Bu saatten sonra dokunulmazlıklar konusunda AKP, CHP ve MHP’nin işbirliğinden dolayı çözüm ve barış isteyenlerin tek adresi HDP olmuştur. Tabii HDP’nin ana muhalefet haline gelmesiyle HDP üzerinde baskılar da artacaktır. DBP eş genel başkanı Kamuran Yüksek’in tutuklanması, ileriki sürecin bir işaret fişeği gibi duruyor. Dolayısıyla HDP’li milletvekillerinin tutuklanması çılgınlığını AKP’nin yapabileceği de öngörülüyor. Bütün bunlara karşı HDP yaptığı açıklamada bu hukuksuzluğu her platformda halka anlatacağını, buna karşı direniş göstereceğini ifade ediyor.
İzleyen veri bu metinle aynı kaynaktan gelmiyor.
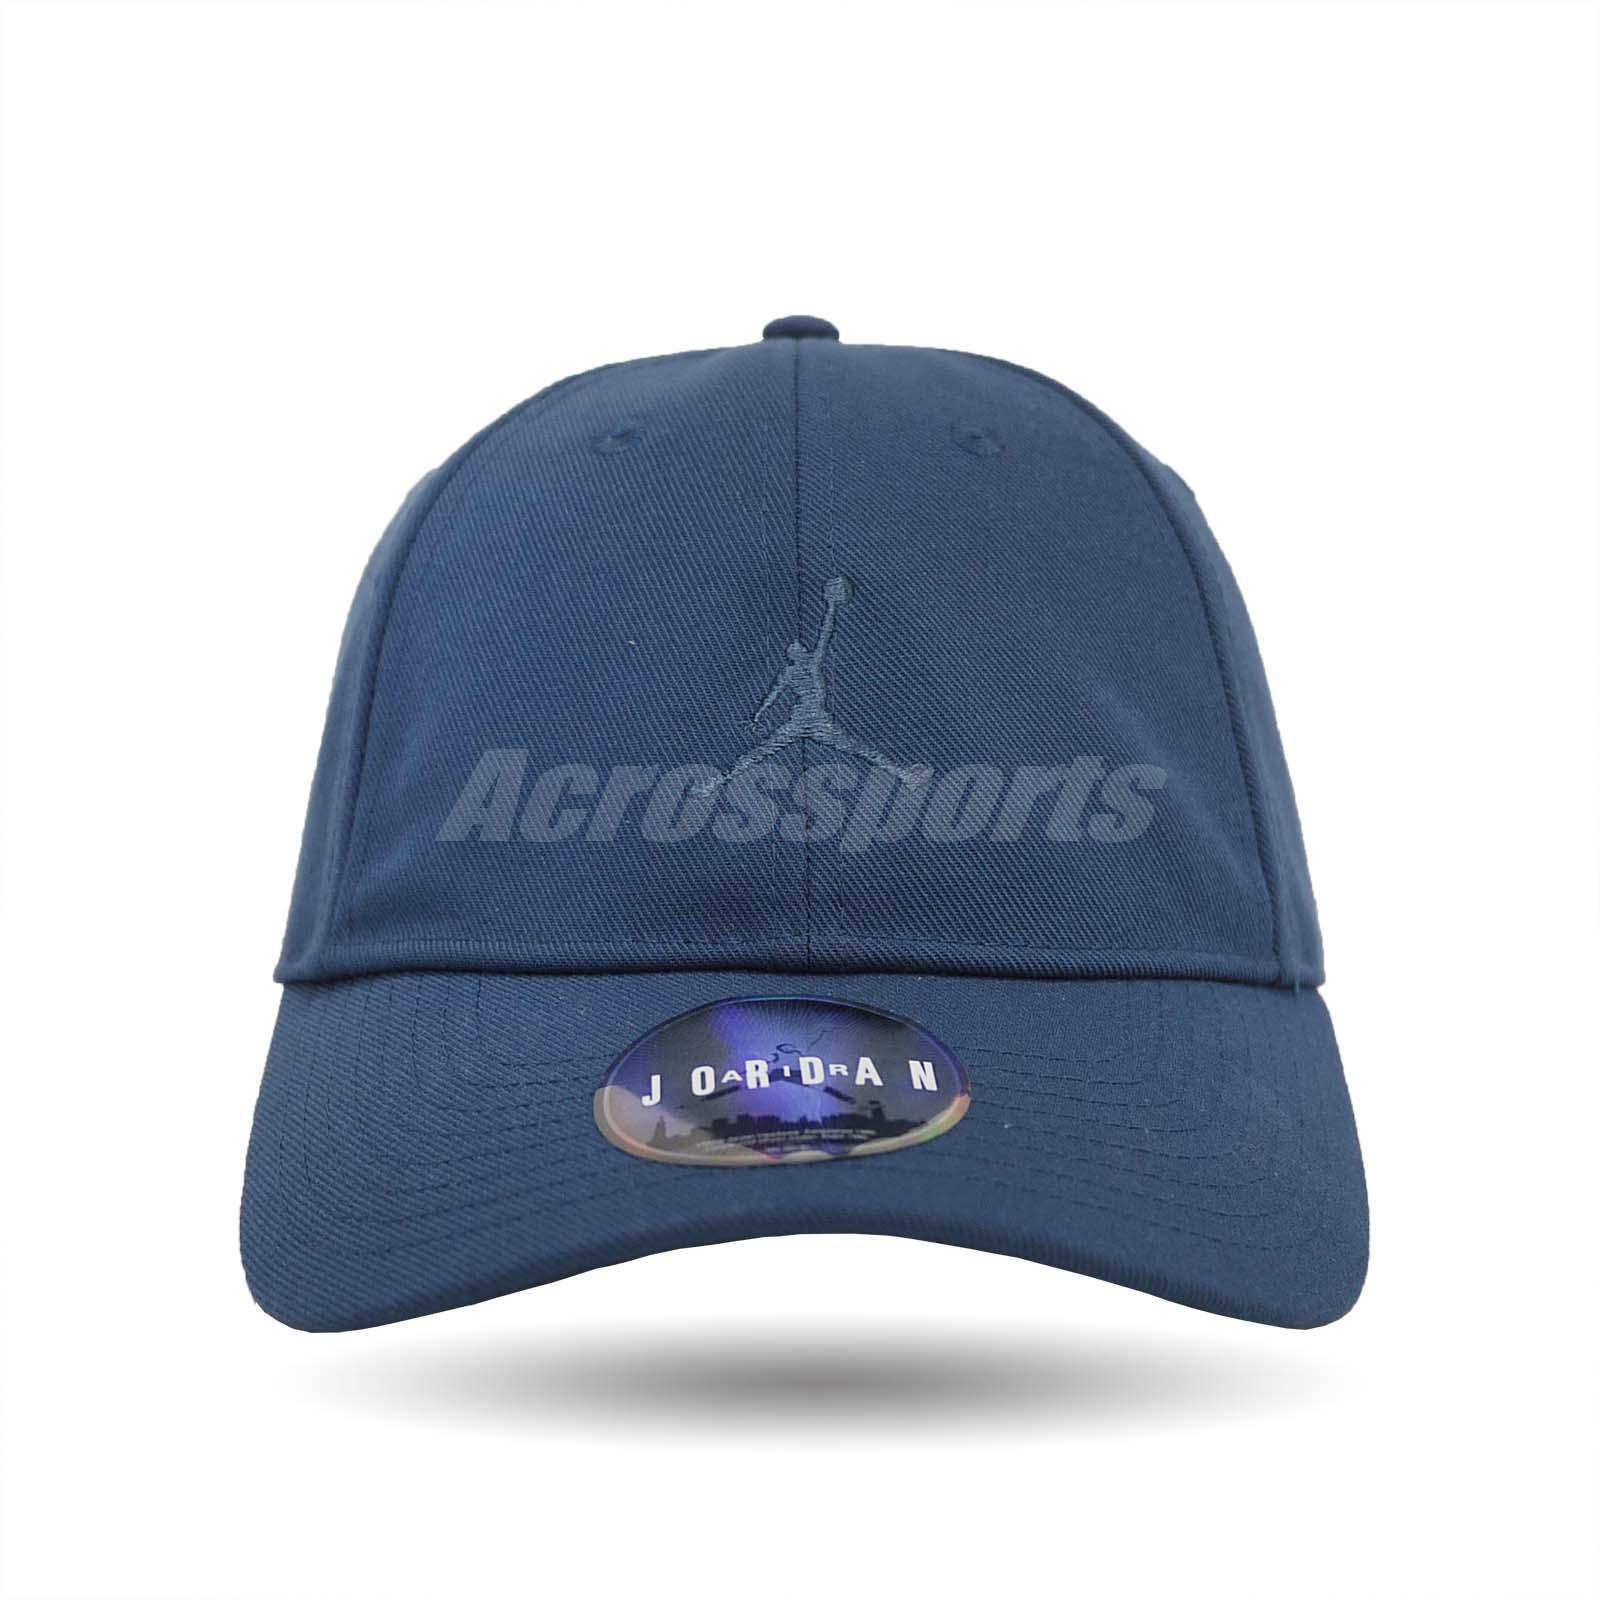 2a070197c8f Nike Jordan Jumpman Floppy H86 Adjustable Hat Heritage Gym Cap Blue  847143-414

HDP Eş Genel Başkanı Selahattin Demirtaş’ın "Biz demir leblebiyiz, demir leblebi. Bizi her çiğnediğinde dişlerin dökülecek senin ve ağzında ısıracak diş kalmayana kadar da bu süreç devam edecek" sözleri de HDP’nin kararlılığını gösteriyor.
Cumhurbaşkanı Erdoğan’ın vesayeti altındaki AKP’nin attığı adımlar ülkeyi hem içte hem de dışta kilitleyecek ve yalnızlaştıracaktır. Özellikle başkanlık sisteminin hukuk ve anayasa ihlal edilerek getirtilmek istenmesi, bu projede yer alanlar için büyük riskler oluşturuyor. Her ne kadar AKP tüm gücü elinde bulundurduğu için hiçbir şekilde etkilenmese de bugün hata üstüne hata yapmaktadır. Bütün bu hatalar bir gün AKP’ye fatura edilecektir. Bu süreçte Kürtlere düşen ise uzun vadeli çalışma programlarıyla bunu hem ulusal hem de uluslararası sahada fırsata çevirmektir. (İG/EKN)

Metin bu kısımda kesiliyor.